Policy Regarding Qualifications of Directors

The Nominating and Governance Committee (the "Committee") of Myriad Genetics, Inc. (the "Company") believes that members of the Company's Board of Directors (the "Board") must possess certain basic personal and professional qualities in order to properly discharge their fiduciary duties to shareholders, provide effective oversight of the management of the Company and monitor the Company's adherence to principles of sound corporate governance. It is therefore the policy of the Committee that all persons nominated to serve as a director of the Company should possess the minimum qualifications described in this Policy. These are only threshold criteria, however, and the Committee will also consider the contributions that a candidate can be expected to make to the collective functioning of the Board based upon the totality of the candidate's credentials, experience and expertise, the composition of the Board at the time, and other relevant circumstances. The goal is to have a diverse Board representing various business experience and acumen in a variety of disciplines, with particular experience in those areas that are material and relevant to the Company's business activities. This Policy may be modified by the Committee from time to time.

  1. Integrity and Ethical Values. Candidates should possess the highest personal and professional standards of integrity and ethical values.

  2. Commitment. Candidates must be committed to promoting and enhancing the long term value of the Company for its shareholders.

  3. Absence of Conflicts of Interest. Candidates should not have any interests that would materially impair his or her ability to (i) exercise independent judgment, or (ii) otherwise discharge the fiduciary duties owed as a director to the Company and its shareholders.

  4. Fair and Equal Representation. Candidates must be able to represent fairly and equally all shareholders of the Company without favoring or advancing any particular shareholder or other constituency of the Company.

  5. Achievement. Candidates must have demonstrated achievement in one or more fields of business, professional, governmental, community, scientific or educational endeavor, and possess mature and objective business judgment and expertise.

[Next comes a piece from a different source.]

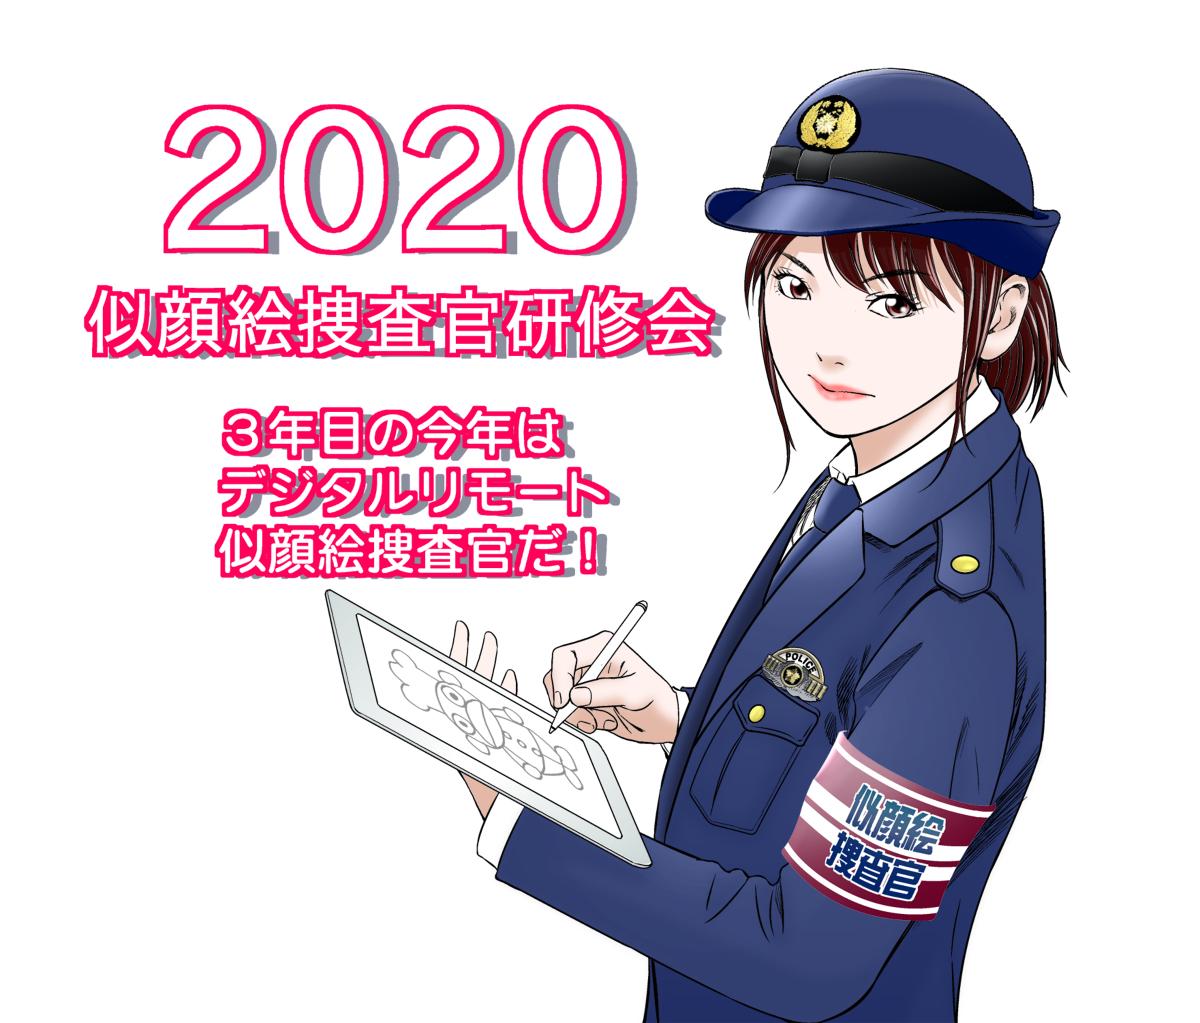 女性警察官 hashtag on Twitter

  6. Oversight. Candidates are expected to have sound judgment, derived from management or policy-making experience (which may be as an advisor or consultant), that demonstrates an ability to function effectively in an oversight role.

  7. Business Understanding. Candidates must have a general appreciation regarding major issues facing public companies of a size and operational scope similar to the Company. These include:
    • contemporary governance concerns;
    • regulatory obligations of a public issuer;
    • strategic business planning;
    • competition in a global economy; and
    • basic concepts of corporate accounting and finance.

  8. Available Time. Candidates must have, and be prepared to devote, adequate time to the Board and its committees. It is expected that each candidate will be able to arrange their business and professional commitments, including service on the boards of other companies and organizations, so that they are available to attend the meetings of the Company's Board and any committees on which they serve, as well as the Company's annual meeting of shareholders.

  9. Board Policies. The candidate's election must not conflict with any applicable Board Policies.

  10. Limited Exceptions. Under exceptional and limited circumstances, the Committee may approve the candidacy of a nominee who does not satisfy all of these requirements if it believes the service of such nominee is in the best interests of the Company and its shareholders.

  11. Additional Qualifications. In approving candidates for election as director, the Committee will also assure that:
    • at least a majority of the directors serving at any time on the Board are independent, as defined under the rules of the NASDAQ stock market;
    • at least three of the directors satisfy the financial literacy requirements required for service on the audit committee under the rules of the NASDAQ stock market;
    • at least one of the directors qualifies as an audit committee financial expert under the rules of the Securities and Exchange Commission;
    • at least some of the independent directors have experience as senior executives of a public or substantial private company; and
    • the independent directors should have general familiarity with an industry or industries in which the Company conducts a substantial portion of its business or in related industries.